Sie war so abergläubisch,

dass sie, ungelogen,

erschrak, wenn sie an einem Freitag

ihren Mann betrogen.

Die nasse Wahrheit

nach A. L. Karsch

»13«

Ein Ehemann von sanftem Wesen

ertrug sein Weib mit viel Geduld.

„Ich bring mich um“, so rief sie ständig,

„und daran hast nur du die Schuld!“

 

Er bat sie stets in sanftem Ton:

„Hör auf mit dieser dummen Grille.“

Doch sie schrie immer heftiger:

„Das ist mein absoluter Wille!“

 

Da blieb ihm keine andre Wahl:

Er trug sie an ein nahes Wasser.

Sie hörte bald zu schreien auf

und wurde blass und blasser.

 

Er ließ sie, ganz in seiner Art,

sanft fallen in das kühle Fließ

just da, wo es am tiefsten war,

damit sie sich nicht unten stieß.

 

„Das“, sprach er, „war doch nur dein Wille.
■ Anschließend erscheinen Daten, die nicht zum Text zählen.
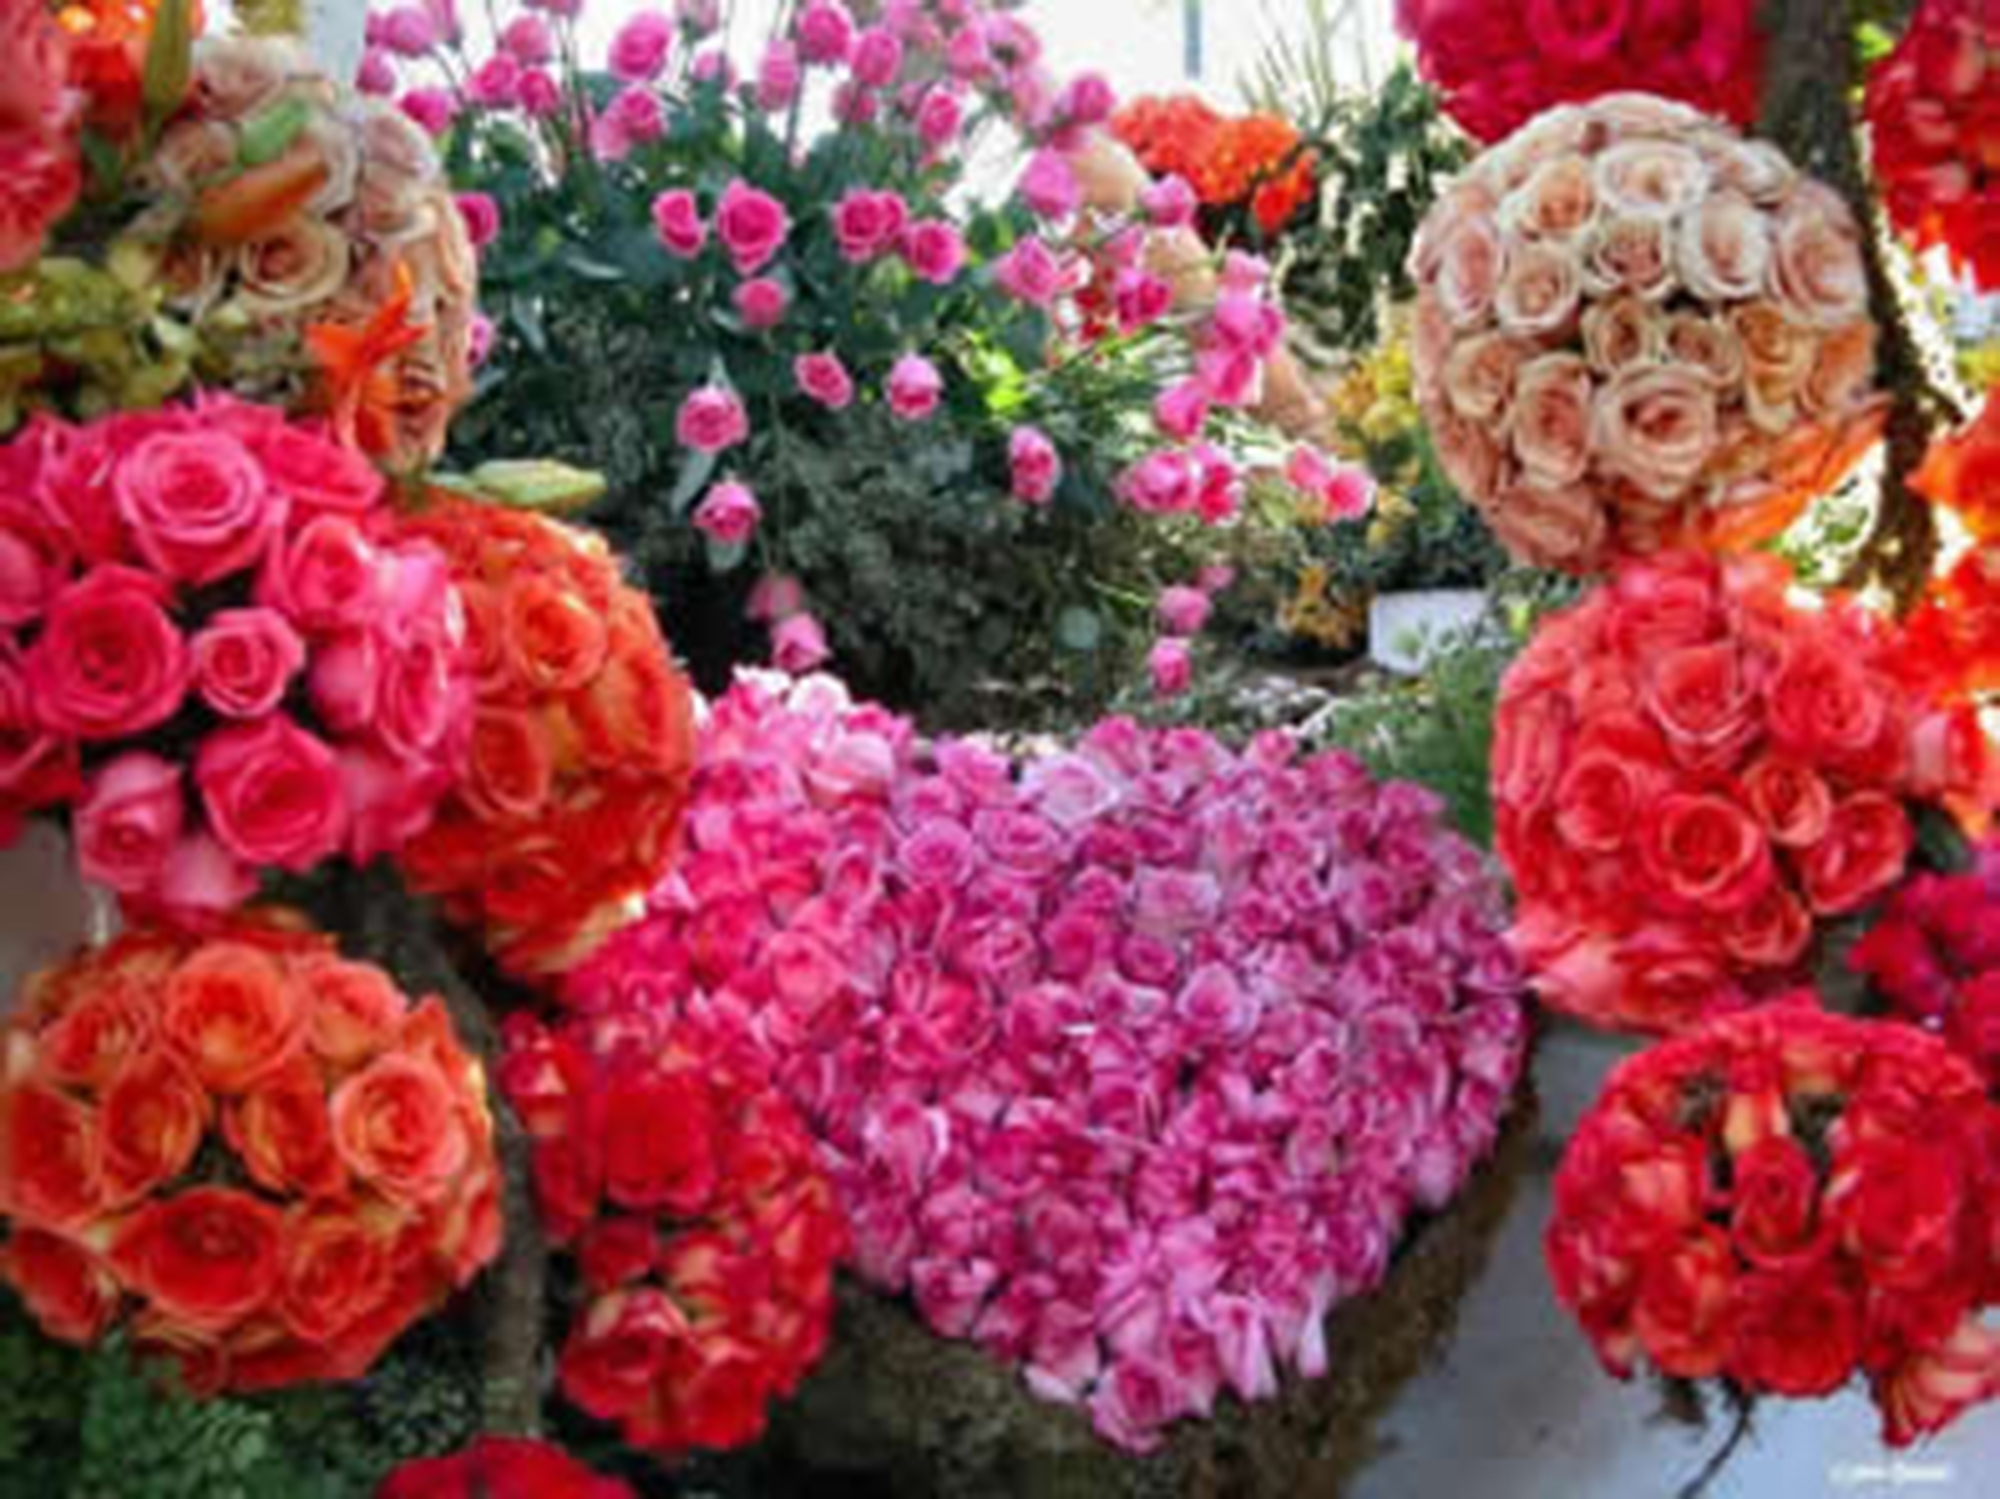 Dia das Mães aquece o mercado nacional de flores
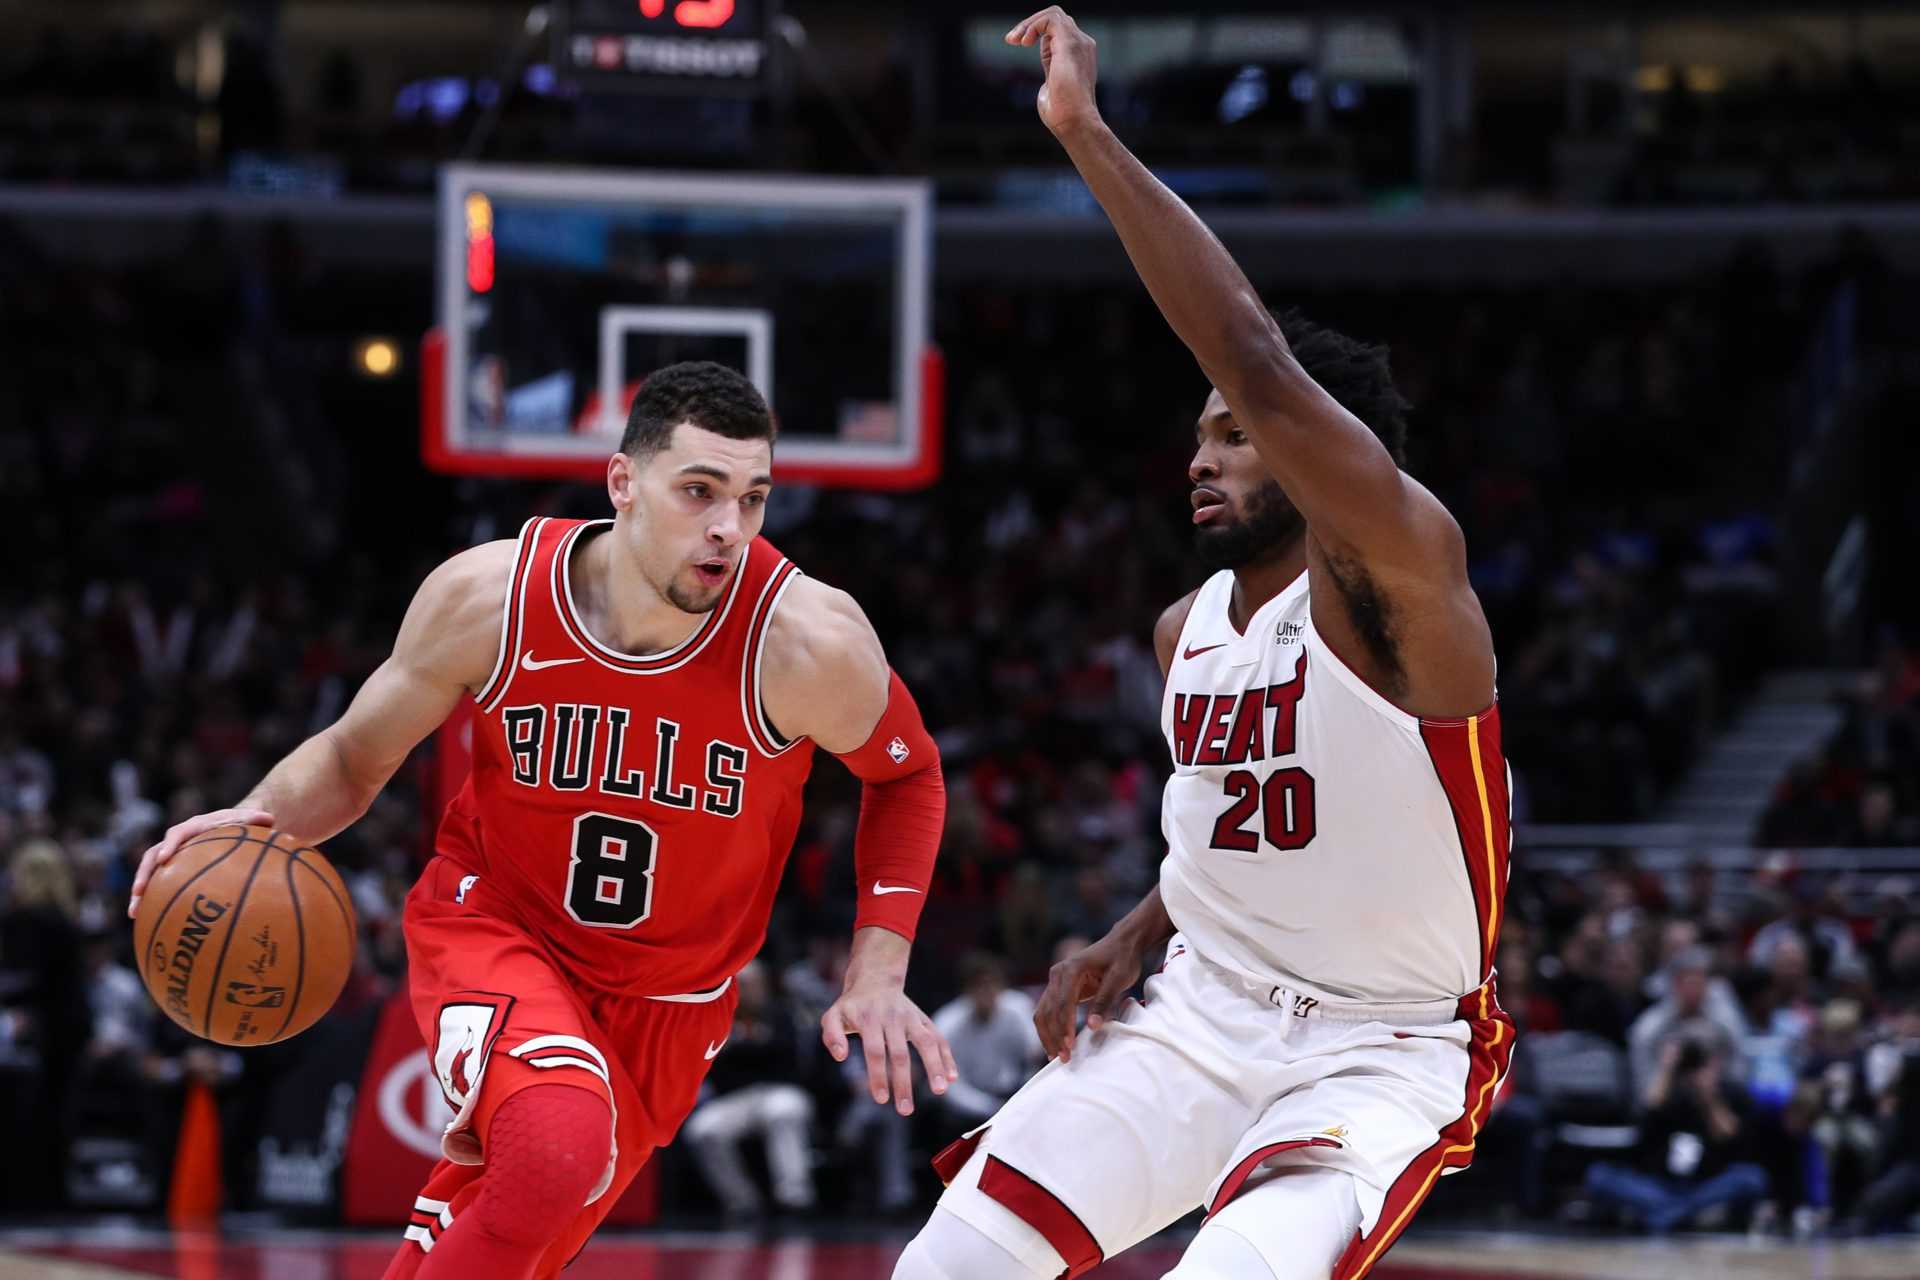 NBA Insider révèle pourquoi les Chicago Bulls pourraient tanker dans la saison 2020-21

Da rief sie in der Wassernot:

„Mein lieber Mann, mach mich nicht tot,

glaub mir, es war nur eine Grille!“

Dann war sie endlich stille.

 

Die Wahrheit ist die:

Das Weib schweigt nie.

Das Verhängnis der Müllerstochter

nach einer echten Moritat

»14«

In einem grünen Tale,

nicht weit vom tiefen Wald,

steht eines Müllers Mühle,

darin ein Kindlein lallt.

Und am Ende von dem Tal

rauscht ein großer Wasserfal.

 

Nach sechzehn, siebzehn Jahren,

da lallt das Kind nicht mehr.

Da ist’s ’ne ranke Jungfer,

die trällert froh umher.

Und am Ende von dem Tal

rauscht ein großer Wasserfal.

 

Ein Förster wollt’ sie freien,

der ihr die Liebe bot.

Ein Wilddieb kam gegangen

und schoss den Förster tot.

Und am Ende von dem Tal

rauscht ein großer Wasserfal.

 

Der Wilddieb, schön und heftig,

nahm sie in seinen Arm.

Da endigte sein Leben

ein Schuss von dem Gendarm.

Und am Ende von dem Tal

rauscht ein großer Wasserfal.

 

Sie glaubt’, mit dem Gendarme

war sie aus allem Leid.

Doch in einem Gemenge

schlug ihn ein Räuber breit.

Und am Ende von dem Tal

rauscht ein großer Wasserfal.

 

Der Räuber nahm sie mit sich

auf seine Lagerstatt.

Da stahl sie ihm das Messer

und dolcht’ ihn, bis er matt.

Und am Ende von dem Tal

rauscht ein großer Wasserfal.

 

Nun sitzt sie bei der Mühle

und weint in sich hinein.

Wie kann nach so viel Liebe

man so alleine sein.

Und am Ende von dem Tal

rauscht ein großer Wasserfal.

Und am Ende …

Der Gatte ging – der Buhle kam oder Lindas Tränen

»15«

Ihr zarten Herzen, hört ein Trauerlied,

wenn mir dabei nicht Stimm’ und Atem flieht.

Ein Lied von all dem Kummer, Gram und Schmerz,

der traf der ungetreuen Linda Herz.

 

Fort ging der Gatte, und der Buhle kam.

Sie öffnet ihm, er in den Arm sie nahm.